AVMA Presents Meritorious Service Award to Dr. Bruce Kaplan
The American Veterinary Medical Association presented its Meritorious Service Award to Dr. Bruce Kaplan ’63, a staunch advocate of the one-health concept, during the organization’s national meeting.
The Meritorious Service Award is the AVMA’s highest honor for a veterinarian who has brought honor and distinction to the veterinary profession through personal, professional, or community service activities outside organized veterinary medicine and research.
“The Auburn University College of Veterinary Medicine is proud of Dr. Kaplan’s dedicated service to promoting the concept of one health as a core element of veterinary medicine,” Dean Calvin Johnson said. “We congratulate Dr. Kaplan for his well-deserved recognition.”
Dr. Kaplan, who earned his DVM from Auburn in 1963, is a retired veterinarian, formerly a writer, editor, and consultant on public affairs issues. He current devotes his time to promoting the one-health movement along with a collaborative team of human and veterinary medical experts.
The one-health concept proposes that human, animal and environmental health is inextricably interconnected. Dr. Kaplan is the primary contents manager for the One Health Initiative website, www.onehealthinitiative.com, and serves as a contributing editor on the editorial board of the One Health Newsletter. He also serves on the scientific advisory board of Veterinaria Intaliana; the editorial advisory board of Infection, Ecology & Epidemiology; and the board of the American Veterinary Epidemiology Society.
Currently a resident of Sarasota, Fla., Dr. Kaplan practiced small animal medicine for more than 23 years. He held positions in public health with the Centers for Disease Control and Prevention as an epidemiologist and with the Department of Agriculture Office of Public Health and Science. He also served as the USDA Food Safety and Inspection Service public affairs specialist in California for 14 western states.

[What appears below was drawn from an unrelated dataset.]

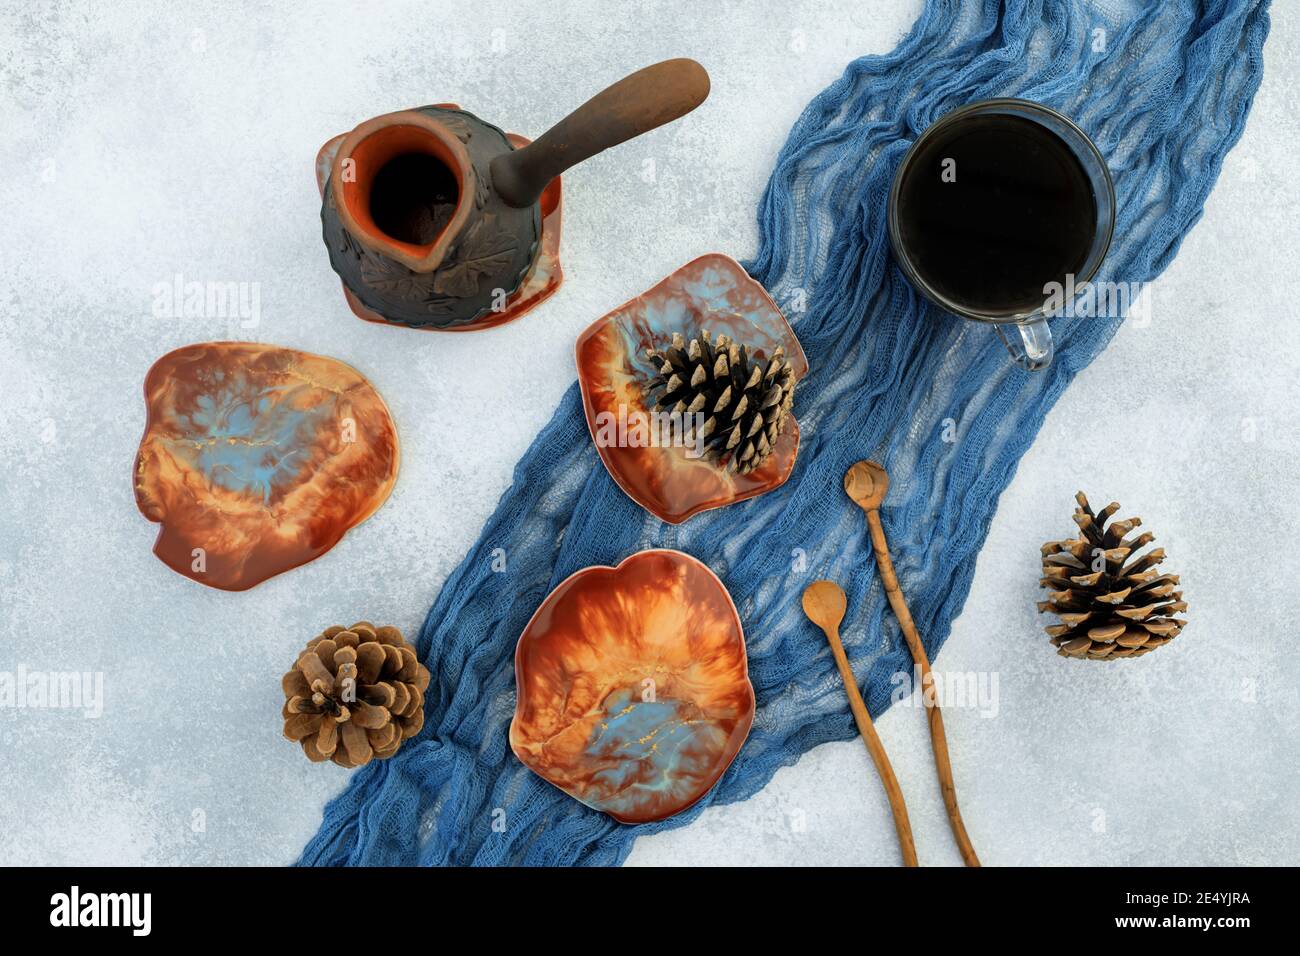 Composition with coffee cup and resin art plates on blue textile background. Flat lay, top view Stock Photo

He co-authored the Food Safety in the United States chapter in a 1998 American Society of Microbiology book about organisms causing foodborne illness such as the dangerous strain of E. coli 0157:H7; and another ASM book chapter, Campylobacter Prevention and Control: the USDA-Food Safety and Inspection Service Role and New Food Safety Approaches, which discusses the most common cause of bacterial foodborne illness in the United States.
Dr. Kaplan has written, co-authored and edited numerous articles for newspapers such as a pet care column for three years in the Louisville Courier-Journal and the St. Petersburg Times, and scientific publications such as the Inspection Insights food safety column for three years in the Journal of the AVMA, and for the U.S. Department of Agriculture’s Food Safety and Inspection Service. He has published many scientific articles on canine and feline medical and surgical concepts in veterinary medical professional journals.
His awards include the AVMA’s Practitioner Research Award, the USDA’s Group Honor Award for Excellence, and an Honorary Diploma from the American Veterinary Epidemiology Society.